Frequently Asked Questions

Q: I am having problems getting your DVD-R discs to burn in my drive. If they do burn, they won't play back in some drives. What's up?

A: All drives have firmware (software on an internal chip) that tells it how to burn discs from each of the disc manufacturers. If the firmware is outdated, the discs may not burn properly, resulting in a failure or incompatibility during playback. In most cases, updating firmware is quick and easy process and you can find the latest version from a list of links on the MAM-A site.

Q: What do you recommend as the safest method of labeling Gold Archive CDs and DVDs? Are water-based pens generally safe over the long-term? What about Sharpies?

A: For CD-R, water or alcohol based permanent markers are safe -- we offer them on our site. (See the link below). Sharpies should only be used in the center of the disc where no data is saved. For DVD R, You do not need to worry about marking the media since there is a "dummy" layer on top. Any marker can be used anywhere on the label side of the disc.

CD-safe markers

Labeling and archiving guide:
Q: I have heard that it is always better to burn at the lowest speed possible to get the best recording. Is that true? If not, what speed do you recommend for CD-R? DVD-R?

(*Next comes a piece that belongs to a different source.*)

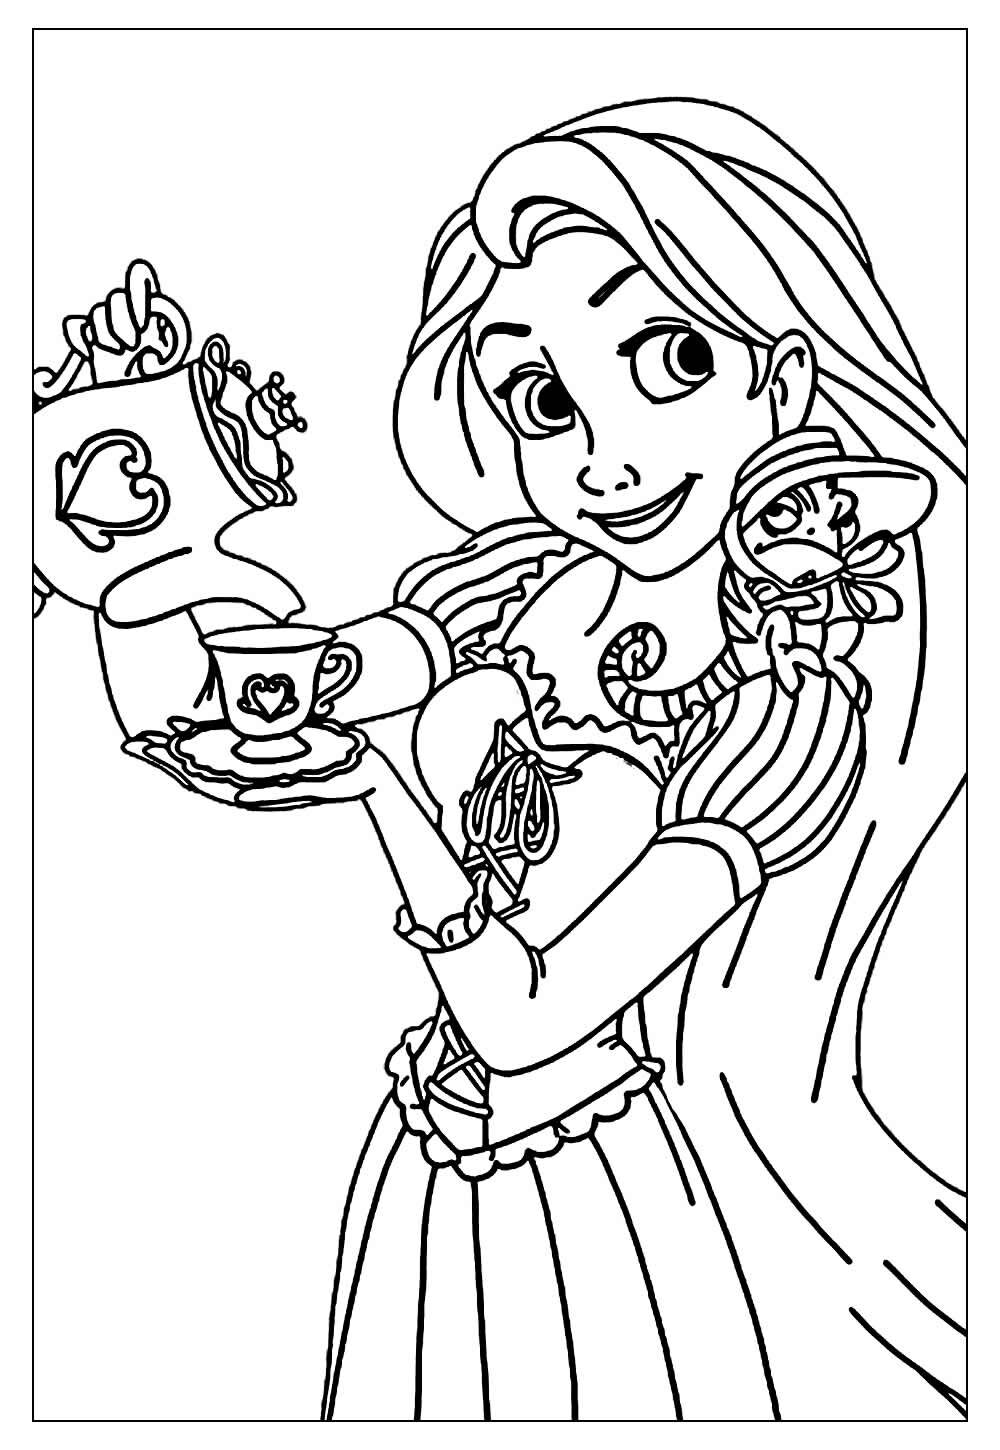 Desenhos Para Pintar - Desenhos de natal com as princesas da Disney para  colorir e pintar:  -disney-de-natal-desenhos-para-colorir-imprimir-e-pintar/

A: When recording on analog tape, it is always best to record at the lowest speed to get the highest quality recording. For optical discs (CD-R, DVD-R, Blu-ray) this is not true. As a rule of thumb, we find that the best recording is roughly at half the top rated speed. So for CD-R for example, the best recording quality is about 24X for a disc with 52X top speed, for DVD-R; 8X (for a 16X disc). As is true with many processes, choosing the middle of the range is often the way to get best performance.

Q: I want to archive some LPs and cassettes on my stand alone Compact Disc Recorder, but it won't accept the new high-speed CD-Rs. Will your digital audio CDs work with this recorder?

A: Yes. Our Digital Audio for Consumers discs are rated for 1X-12X speeds and were specifically designed for applications like yours.

Q: I ordered your product below from an online dealer and during shipping they have been exposed to sub-zero temperatures (-10 to -30) for at least a week. Does this damage the archival DVD's? Or are they safe to use?

A: I understand your apprehension, although we know that cold temperatures do not have an adverse effect on the media. High temps can be problem if over 140 F for an extended time.

Q: Now that I've invested heavily in digital photography in both dollars and personal time, I'm trying to find the best available storage media to archive my digital images. After searching the web, I learned about your archive grade products, but most of the discussions concern music files, text and data storage, rather than image files. Does the high praise given your MAM-A gold CD-R products apply when storing JPEG, RAW, or Tiff files as well as music files, etc.?

A: Our MAM gold CD-R is generally respected as being the best archive grade recordable media available. It works equally as well for images in any photo format, music, text or data -- it's all just zeros and ones to the CD or computer. We are very involved in the photo market and our media is in use in 80% of the photo developing labs in Canada that offer our gold media as the "digital negative" for their customers' photos.